Defendant, having been sentenced to probation only on the charges related to MDPV, argues that the trial court erred in denying his motion to dismiss the charges that he possessed with intent to manufacture, sell or deliver MDPV, and that he sold or delivered MDPV on 24 January and 31 January 2012. Specifically, defendant contends that because the evidence was insufficient to establish he knowingly sold and delivered a controlled substance, the trial court erred in failing to dismiss the charges against him. We disagree.

When ruling on a motion to dismiss for insufficient evidence, the trial court must consider the evidence in the light most favorable to the State, drawing all reasonable inferences in the State's favor. Any contradictions or conflicts in the evidence are resolved in favor of the State, and evidence unfavorable to the State is not considered. The trial court must decide only whether there is substantial evidence of each essential element of the offense charged and of the defendant's being the perpetrator of the offense.

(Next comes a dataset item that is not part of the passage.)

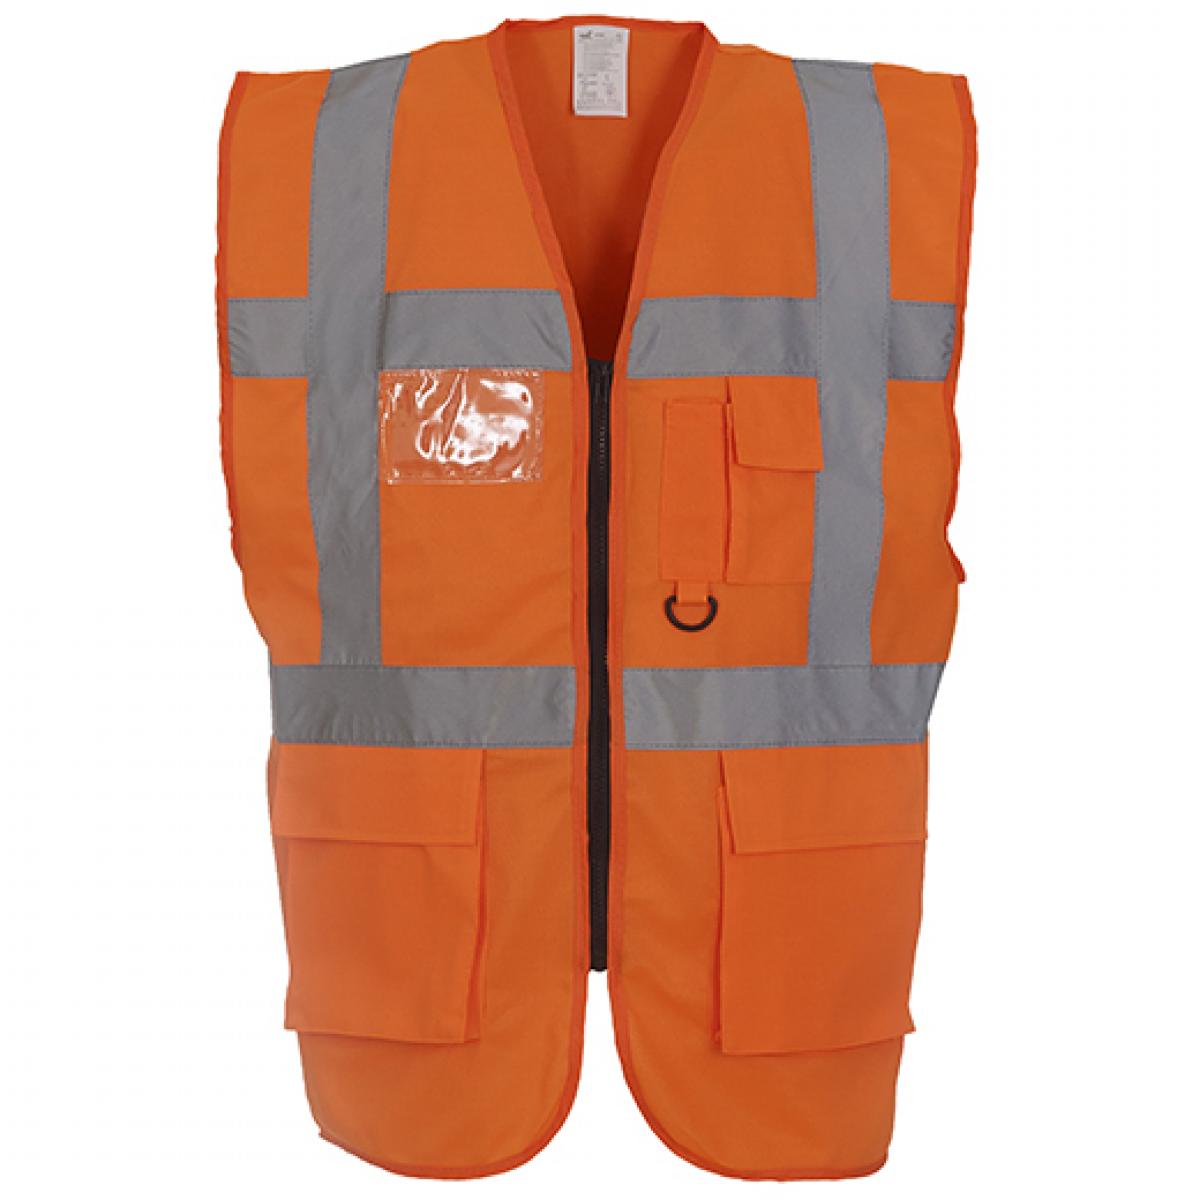 Hersteller: YOKO Herstellernummer: HVW801 Artikelbezeichnung: Herren Multi-Functional Executive Waistcoat Farbe: Hi-Vis Orange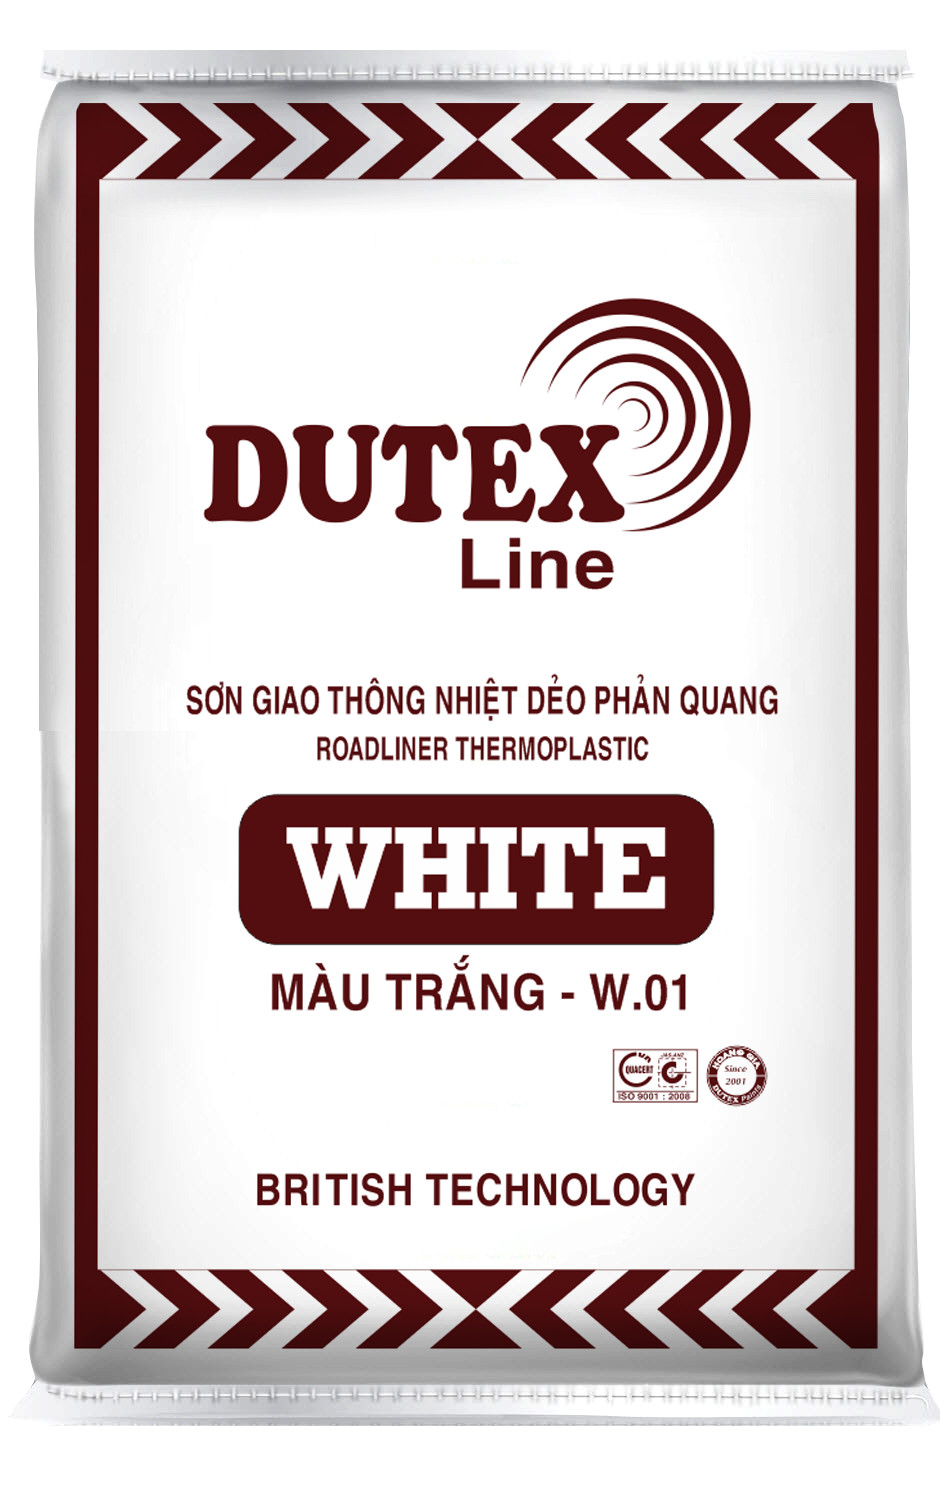 SƠN GIAO THÔNG NHIỆT DẺO PHẢN QUANG DUTEX LINE - WHITE W01

State v. Chillo, 208 N.C.App. 541, 545, 705 S.E.2d 394, 397 (2010) (quoting State v. Miller, 363 N.C. 96, 98–99, 678 S.E.2d 592, 594 (2009)). “Substantial evidence is such relevant evidence as a reasonable mind might accept as adequate to support a conclusion.” State v. Nettles, 170 N.C.App. 100, 103, 612 S.E .2d 172, 174 (2005) (citation and quotations omitted). “We review the denial of a motion to dismiss for insufficient evidence de novo.” State v. Woodard, 210 N.C.App. 725, 730, 709 S.E.2d 430, 434 (2011) (citation omitted).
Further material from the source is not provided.